Do ponto de vista técnico, o filme é interessante pela forma como usa o vídeo digital para fazer as personagens interagir com os cenários: toda a reconstrução de época foi feita em painéis bidimensionais pintados, e os atores entram e saem deles como se tudo fosse tridimensional. É uma festa visual.
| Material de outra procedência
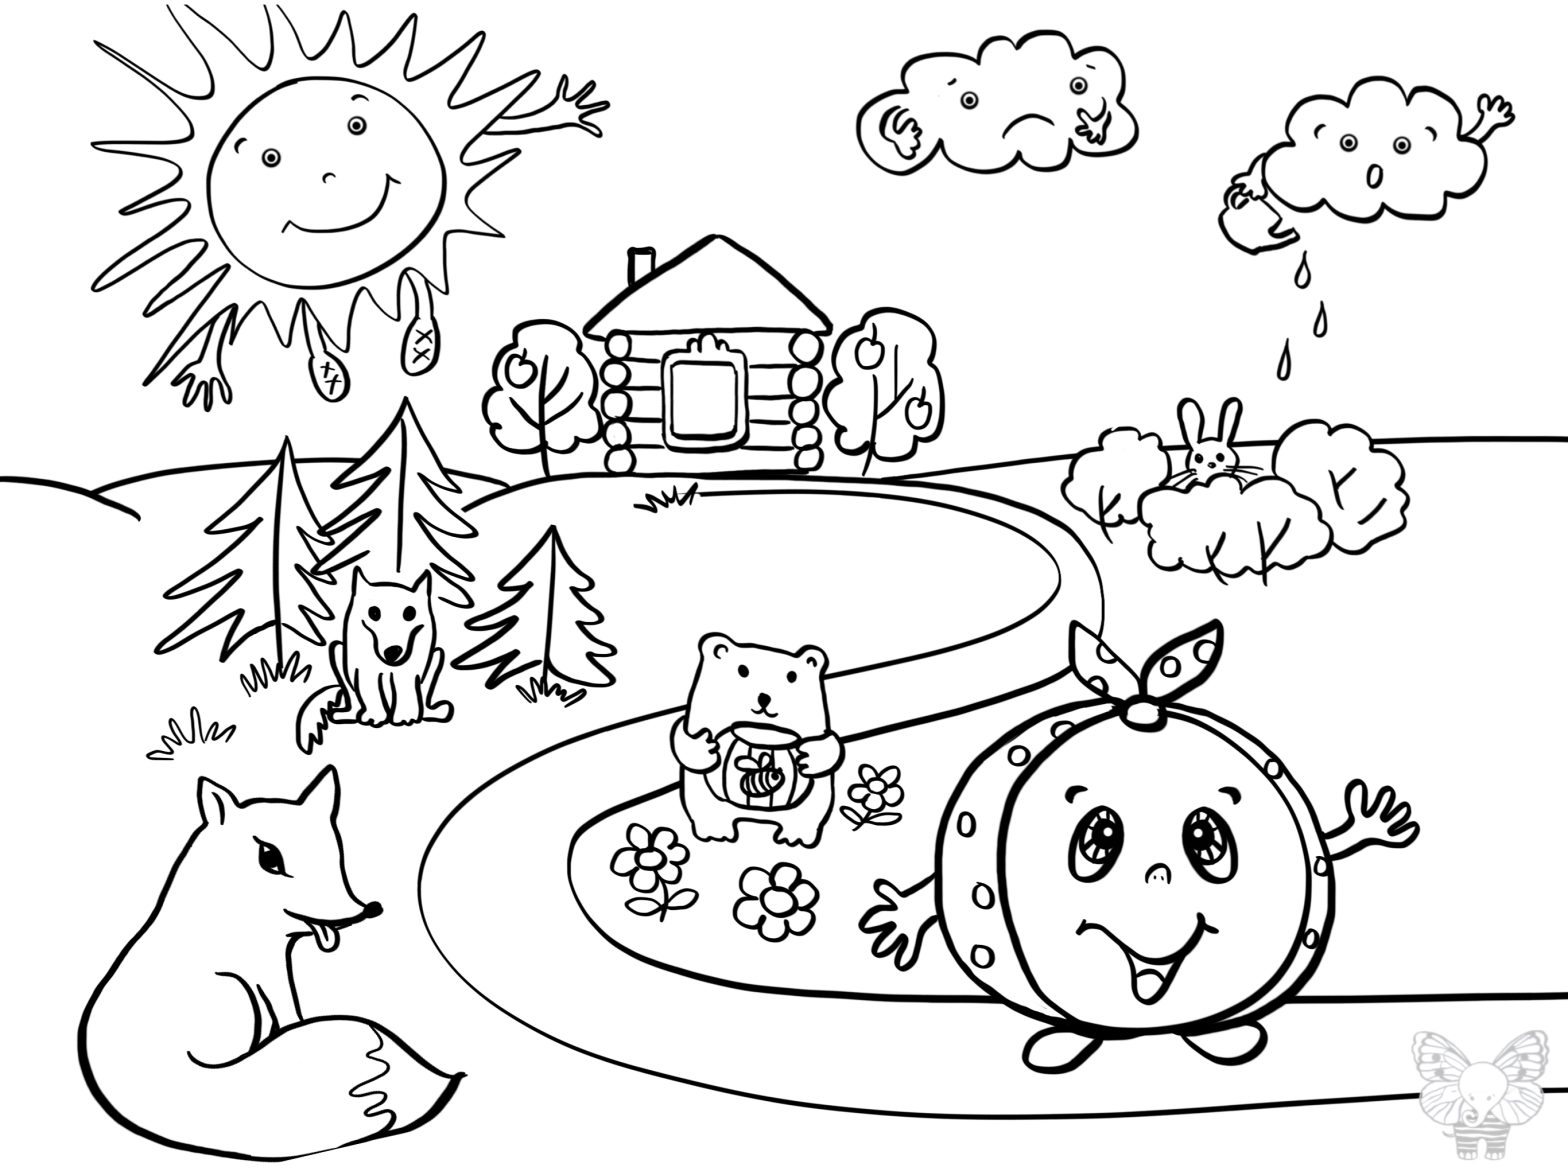 Раскраски с героями сказки Колобок для детей (колобок, лиса, заяц, волк, бабка)

Mas não foi isso que irritou o jornal francês. A questão é que a "inglesa" do título é a nobre escocesa Grace Elliott, e Rohmer escreveu o filme com base em seus diários durante a Revolução - "Journal of My Life During the French Revolution." Grace se mudou para a França e "adotou" a França como seu país, e (isto é importante) o rei da França como seu rei.
Um crítico brasileiro disse que o filme alterna os pontos de vista de Grace com os do duque de Orléans, mas não é bem assim. O filme contrasta os dois pontos de vista, e nitidamente toma partido de Grace - no mínimo porque foi feito com base nos diários dela!
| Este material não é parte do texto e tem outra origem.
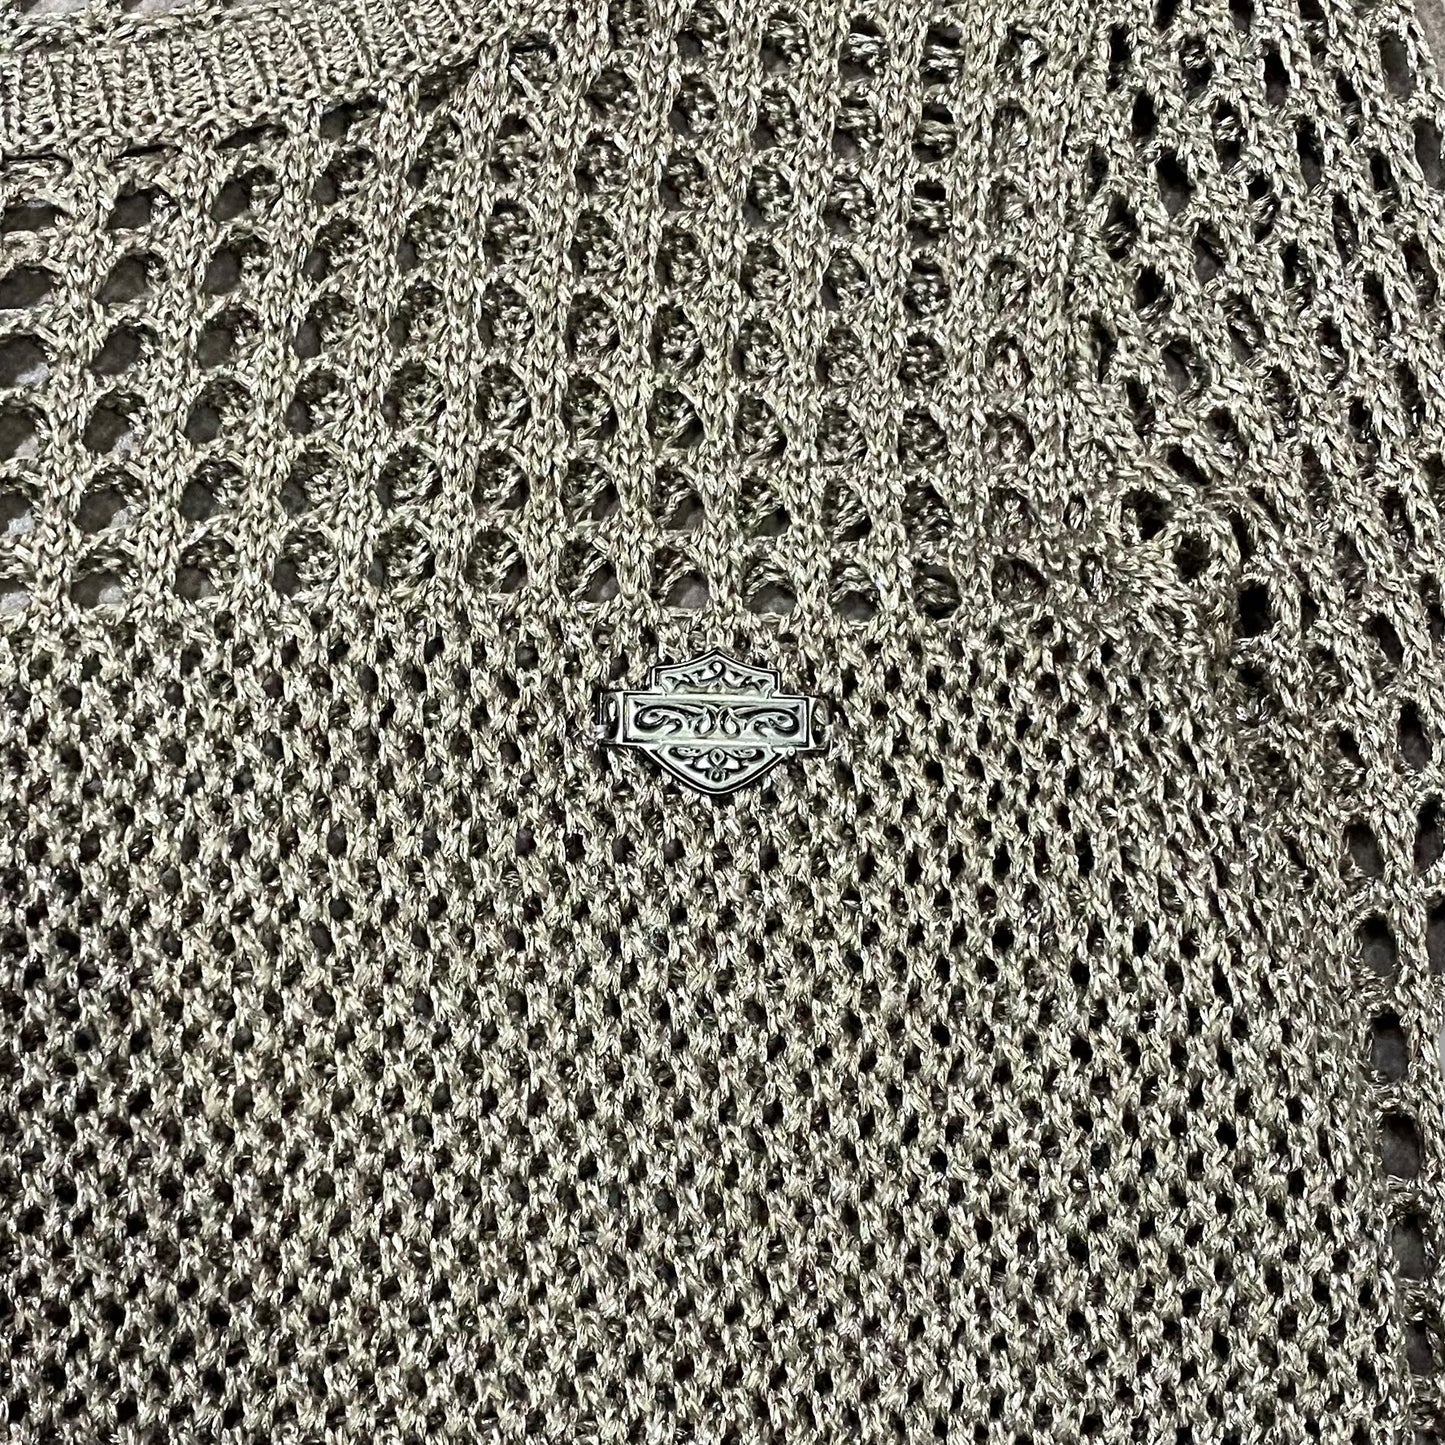 "Harley-Davidson" Mesh knit sweater

Duas visões da civilização
Grace é uma católica devota e uma royaliste, uma defensora apaixonada do rei da França, da monarquia francesa. Ela vê na Revolução um despertar das paixões populares mais vis, se horroriza com os banhos de sangue que testemunha, e corre - numa das mais belas cenas do filme - um grave risco de vida para salvar da fúria da massa um aristocrata de quem ela nem mesmo gostava.
Seu amigo duque, em contraste, é um homem político. Ele é primo do rei e, embora tivesse prometido a Grace não comparecer ao Parlamento para votar no julgamento de seu primo, ele não apenas comparece como dá um dos votos decisivos em favor da pena de morte. Isso era parte de um plano para que ele mesmo assumisse o comando da Revolução - razão pela qual, à medida que o Terror se agrava, ele entra na lista de inimigos pessoais de Robespierre, e a própria Grace chega a ser presa por sua associação com ele.
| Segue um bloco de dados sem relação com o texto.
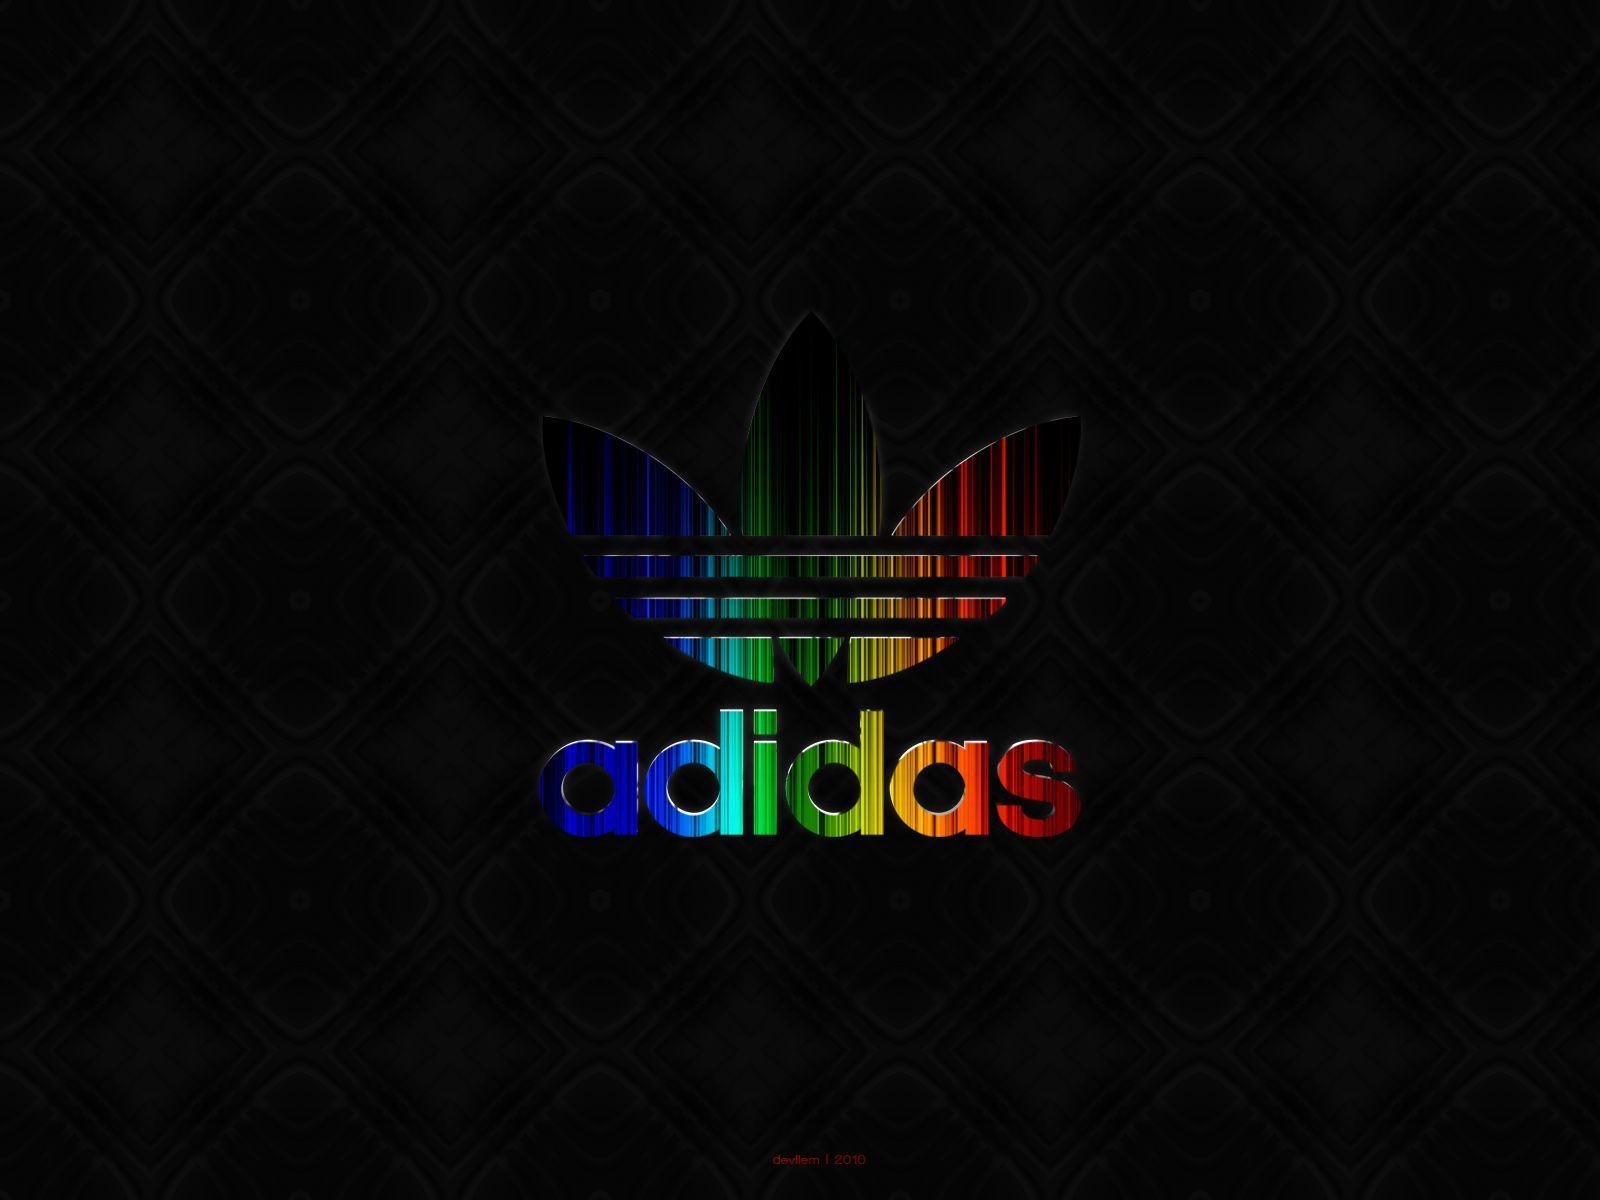 rainbow adidas logo

Esse não é um contraste apenas entre duas visões políticas; é um contraste entre duas visões da civilização. A devoção de Grace é às ligações familiares, aos laços de amizade, às relações humanas diretas e, especialmente, à religião. Ela não consegue conceber que o duque possa ter traído seu próprio primo, assim como ela não conseguia conceber a possibilidade de deixar de ajudar seu conhecido em apuros. Já o duque trai sem hesitar seus colegas e seus familiares, em nome de suas ambições políticas. Ele compartilha do horror de Grace diante do desfile da multidão nas ruas carregando espetada num mastro a cabeça de uma nobre (cena extremamente comum nos tempos da Revolução), mas vê nisso uma "oportunidade histórica", um passo em direção ao aperfeiçoamento do governo e das instituições.
Temos, pois, de um lado, a defesa da sociedade, das associações sociais espontâneas, das comunidades; de outro, a apologia do poder político, da transformação social através do Estado.
Dois tipos de "cidadãos"
Nesse sentido, o detalhe mais interessante do filme é a utilização do termo "cidadão".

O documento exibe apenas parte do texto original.